Your mom knew fruit and vegetables were good for you, but she probably didn’t know they were critical for fighting one of today’s most prevalent health conditions: allergies.
Researchers at Tokyo University of Science have discovered (or some may say, rediscovered) a vital connection between dietary fibers, gut health, and the immune system.
Dietary fibers are found in fruits, vegetables, legumes, nuts and grains.
According to the researchers, the complex biological relationship between gut bacteria and critical fiber provides a “significant anti-inflammatory and immunomodulatory effect.”
Allergy rates soaring worldwide
If you think allergies are more common now than a few years ago, you’re not wrong.

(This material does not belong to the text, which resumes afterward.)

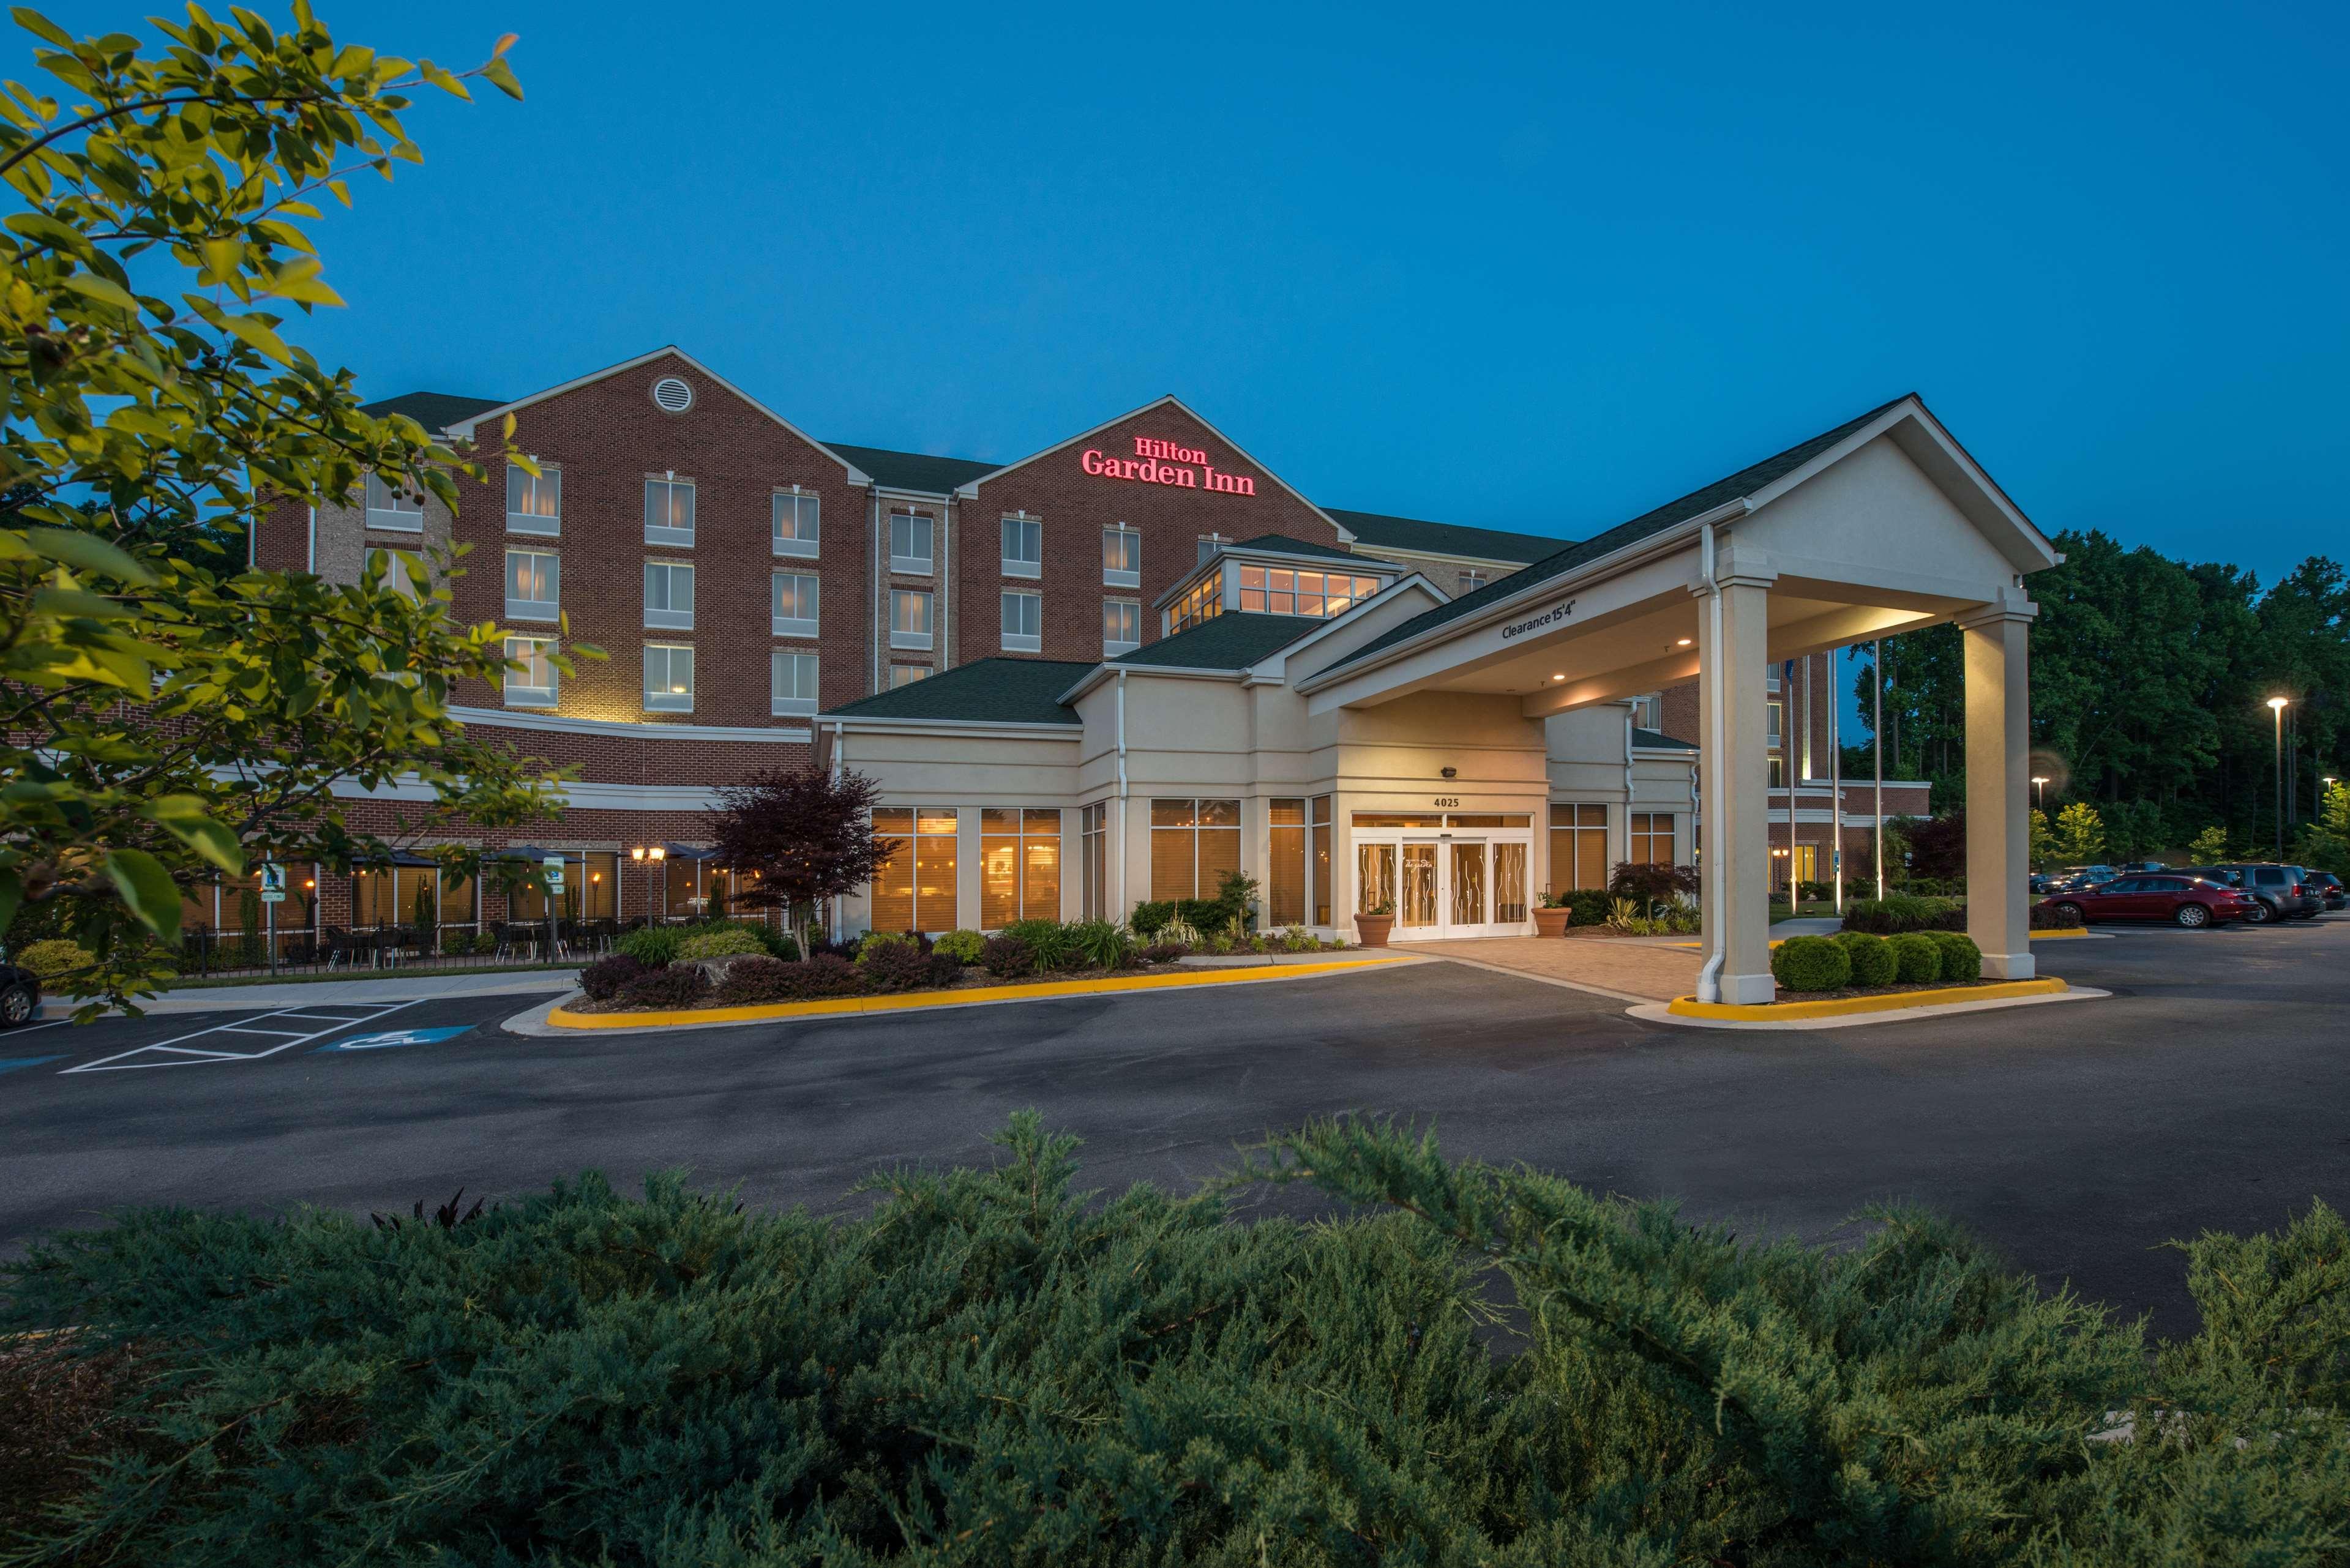 Hilton Garden Inn Lynchburg image 0

Estimates are that 30 to 40% of the world’s population now have some form of allergy.
According to health professionals who specialize in allergies, allergic reactions—everything from hay fever to eczema and asthma—have skyrocketed around the world in the last few decades.
The reasons for the rise are often debated; however, there is some common ground.
In her new book, Theresa MacPhail, an associate professor of science and technology studies at Stevens Institute of Technology, sums up some of the main reasons in her new book, Allergic: Our Irritated Bodies in a Changing World:
• An excessive emphasis on hygiene (perhaps even over-showering) contributes to the development of sensitivities.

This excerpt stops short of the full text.